The Texas A&M Formula SAE team won the overall championship at Formula SAE Lincoln in Nebraska against a field of 80 collegiate teams from around the country.
“It was a big deal to finally bring the trophy back home,” said Ryan Monheim, senior in the Department of Mechanical Engineering at Texas A&M University and project manager for the team. “It’s especially important for us because we start fresh every year. A lot of the teams we compete against they just kind of build on their car every year, so for us to start from scratch and still take down a bunch of big teams, that was a big deal.”
The Texas A&M Formula SAE program is a senior capstone project in the mechanical engineering department in which 21 students design and build a race car. The competition at the end of the year not only features on-track events, but teams are also graded on their engineering design, cost and business case presentation.
According to Monheim, the team had a feeling going into the competition that they had a chance to be among the leaders, and there was a defining moment when they realized they had a chance to win the top prize.
“Before we got there we thought we were probably a contender, but we didn’t really know for sure what the other teams were bringing,” he said. “I think when we really knew we were going to win was during the middle of the endurance event when our main competition had to pull off the track. We knew then we just had to get the car home and finish, and that’s exactly what we did.”
If that gave them confidence they had become the favorites, then the championship was all but solidified when the team also unexpectedly claimed the top spot in the fuel efficiency category.
Finishing first in the endurance and fuel efficiency categories, second in engineering design and third in autocross, the combined results gave the Aggies the overall championship with a combined 915 of a possible 1000 total points.

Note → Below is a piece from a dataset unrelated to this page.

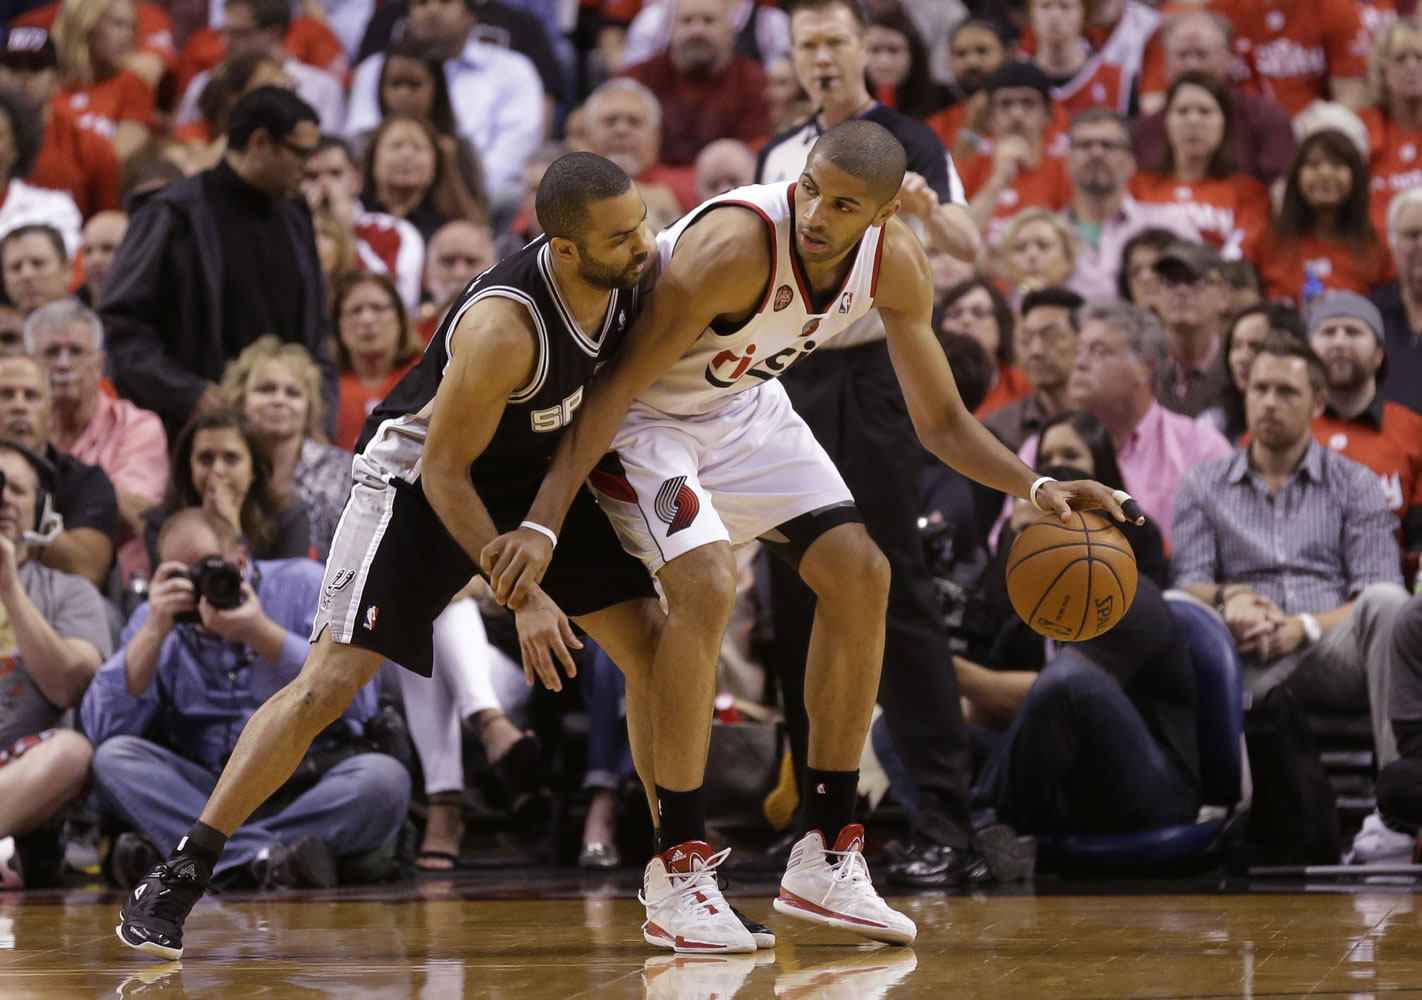 Parker sees Blazers' Batum as future of French team

The Missouri University of Science and Technology and the University of Kansas came in second and third respectively.
According to course lecturer and team advisor Yuval Doron, the students invested more than 72,000 man-hours over the course of nine months. They started in September with concept development before finishing with a highly-engineered race car.
“I am always amazed at the level of engineering that goes into the design development, fabrication and testing,” Doron said. “This is a high-caliber event that demands tremendous focus and sacrifice from the students, and they manage to pull through every year, this year being extra special.”
For students looking to get into automotive engineering, Formula SAE has been a successful stepping stone. Monheim and two of his teammates have accepted jobs at General Motors in Detroit, which also was the team’s largest sponsor this year. Several other students on the team have also accepted jobs in the auto industry.
This is the program’s sixth national championship. They previously won in 2000, 2006, 2007, 2009 and 2011. This year’s car was unveiled at the Texas A&M house during the South by Southwest festival in Austin.